ビタミンAの摂取量の上限は3,000μgRE/日とされていますが、普通の食事で過剰摂取になることはありません。
そのため、レバーなどのビタミンAを多く含む食品やサプリメントの大量摂取は避けましょう。
カフェイン
カフェインを過剰摂取すると、中枢神経系の刺激によるめまい、心拍数の増加、興奮、イライラ、吐き気、下痢、不眠などの健康被害をもたらすことがあります。
WHOでは、妊娠中のカフェイン摂取について、300mg/日(コーヒーをマグカップで3-4杯)としています。
しかし、カフェインをとりすぎると、赤ちゃんが低体重で生まれたり、将来の健康リスクが高くなることが指摘されました。
そのため、英国食品基準庁(FSA)では200mg/日(コーヒーをマグカップで2杯程度)にするよう求めています。

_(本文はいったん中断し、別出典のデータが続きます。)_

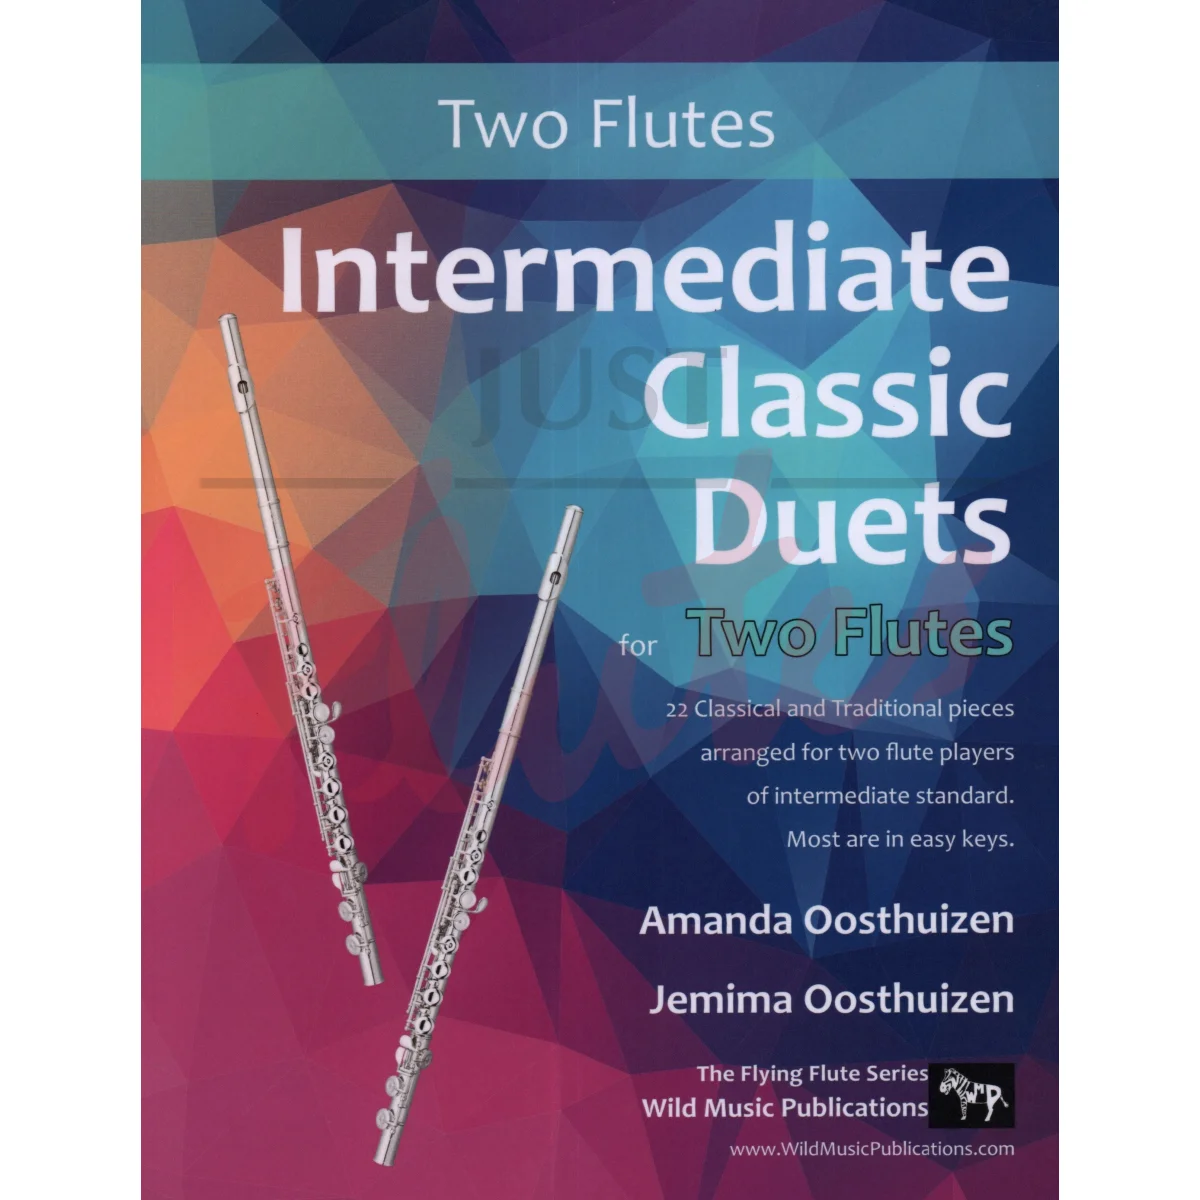 Intermediate Classic Duets for Two Flutes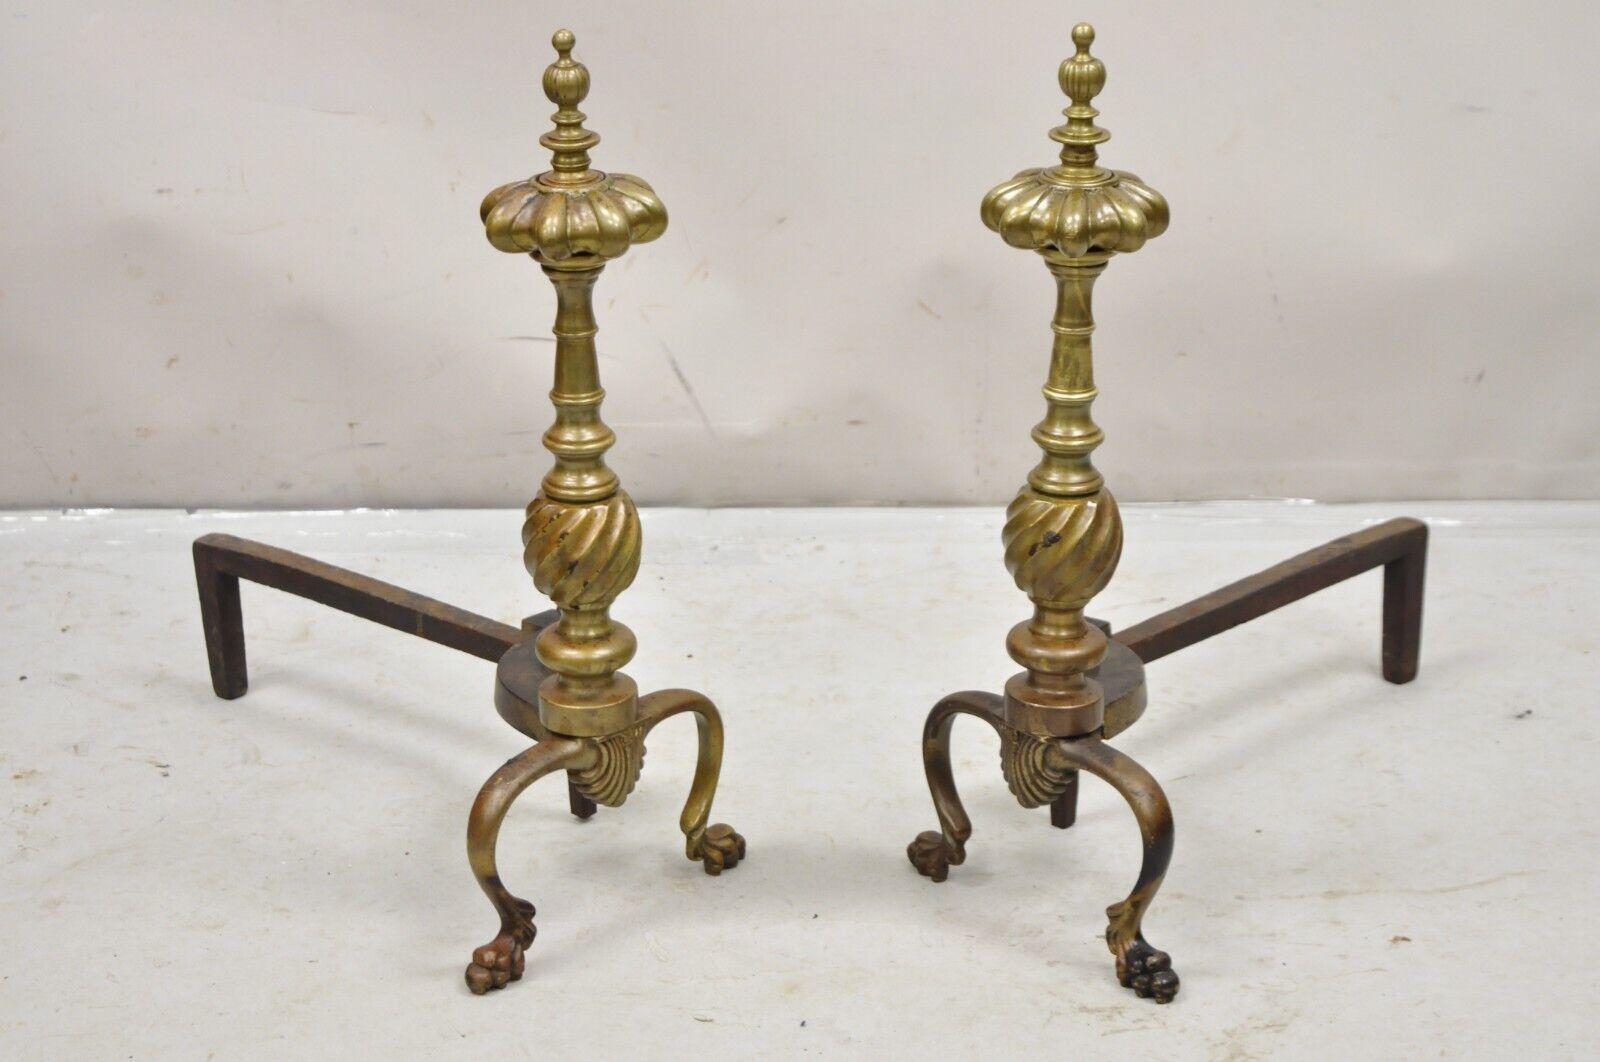 Antique French Empire Style Bronze Brass Spiral Column Andirons- a Pair. Circa 1900. Measurements: 20

カフェインの摂取量による健康への影響は個人差が大きいため、日本でも国際的にも明確な基準はありませんが、1日マグカップ2〜3杯程度にとどめておくことをおすすめします。
ヨウ素を含むもの
ヨウ素は海藻類に多く含まれていますが、カロリーが低く、体にもいいため積極的に摂取しようと考えている方もいるでしょう。
しかし、ヨウ素を妊娠中に過剰に摂取すると、赤ちゃんの甲状腺機能が低下する可能性があります。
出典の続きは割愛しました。